Sunday 16 November 2008

River of Judgement...

Murder, drink, divorce, bankruptcy and love threaten in the unfolding drama of a city-executive as he looses control of his business and his life.

Well, the first draft of River of Judgment is now complete and, having set a target of 80,000 words for this novel, I came in surprisingly close with 85000.

I have looked back over the statistics... outline of plot 30 August 08 - on a spread-sheet of all places – well I am an engineer! The outline was then developed, off and on, over September before I then started to write out a detailed plot treatment. The file date-stamps on my trusty lap-top tell me that I started to write the first chapter in anger on 11 October, and finished the first complete draft on 12 November.

I must add that I have had the advantage of being able to devote my full time to this project; otherwise I might still be writing the novel this time next year.

Apparently, having now read a bit about writing novels – as opposed to academic/non-fiction – there are two camps: the plotters and the non-plotters. Armed with my spread-sheet outline plot, with its section and chapter analysis, I must clearly be of the former persuasion. Without some form of plan I would have found great difficulty in ensuring that I had covered the various angles without veering off-course.

Has this anything to do with management? …Perhaps.

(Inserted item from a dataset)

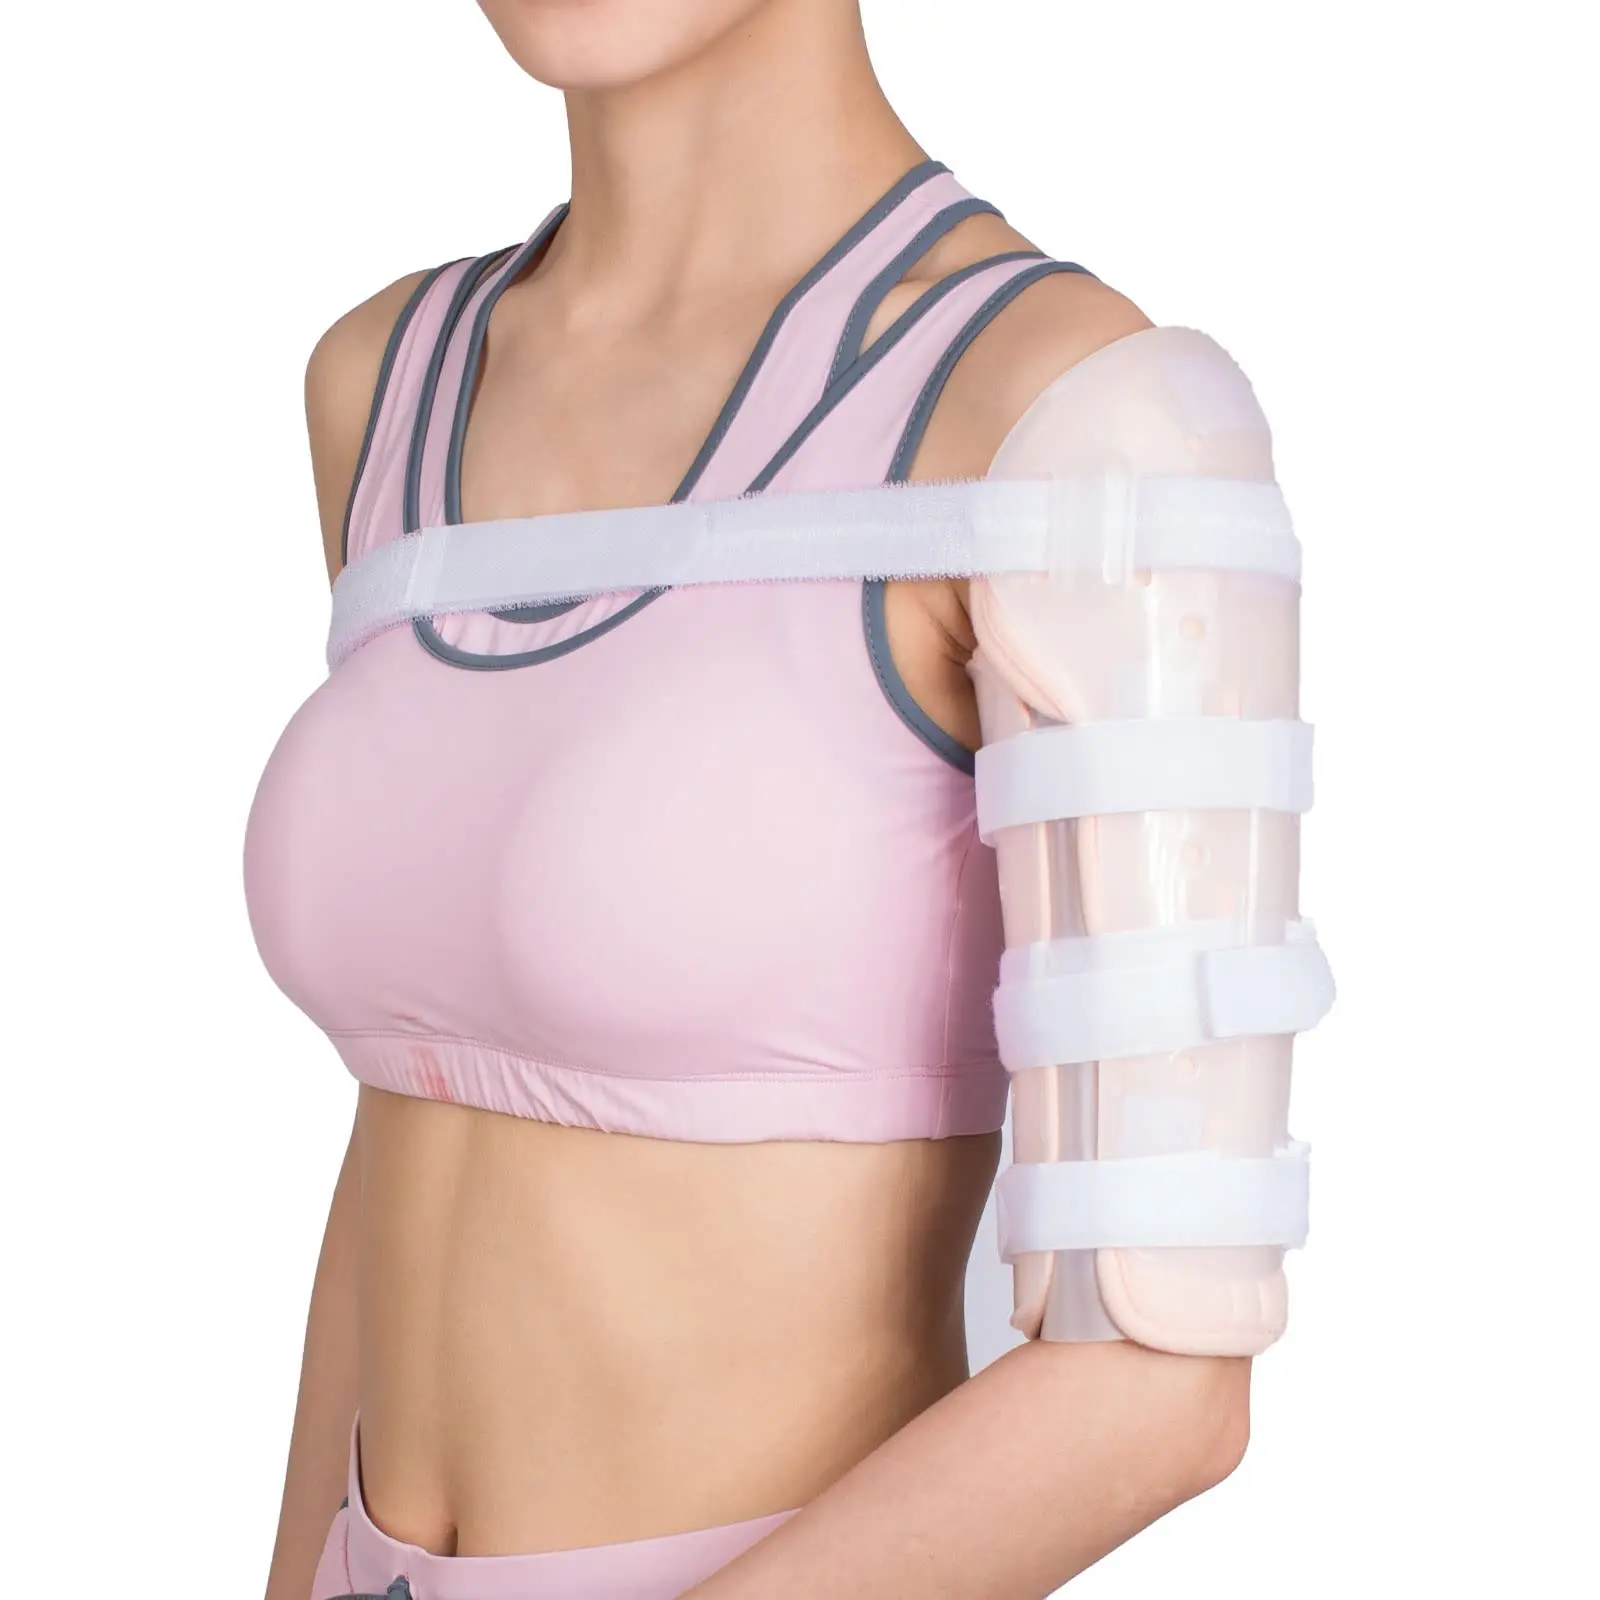 

Tairibousy Posture corrector Shaft Fracture Splint Lightweight Humeral Fracture Brace for Upper Arm, Shoulder,Long-Bone Humerus

As I have covered in “Thinking the Art of Management”, in July 1994 the Chairman of The Walt Disney Company, Michael Eisner, struggled to fill the void of Disney’s President, Frank Wells’ unexpected and untimely death in a helicopter accident. Notwithstanding Michael’s overwhelming sense of sadness and loss, he told of his anger at Frank, for Frank’s death, for ‘…[Frank’s] not [being] around to help [him] deal with a very difficult situation…’ Indeed, less than 36-hours following Frank’s death, Jeffrey Katzenberg, the de facto Number 3 in the ranks of Disney executives, had apparently laid the ultimatum on Michael Eisner that ‘…Either [he got] Frank’s job as president… or [he was] going to leave the [Disney].’

[From Eisner, M. (1999) ‘Work in Progress’, New York: Hyperion.]

I have commented that, even under “normal” business conditions, within the managerial narrative the challenge of management and organizational practice is often about the introduction of change to achieve some vision, purpose or function. If we then consider the inevitability of unexpected management scenarios, such as that painted by Eisner, even the best efforts to manage effectively become prone to ambiguity, emotion and seeming irrationality.

Thus it is with River of Judgment where I explore the ambiguity, emotion and seeming irrationality that arises when a city executive is faced with an unfolding drama that is not of his choosing. SO! OK! The murder is a bit over the top… but then it is a novel and I have to appeal to a fictional readership!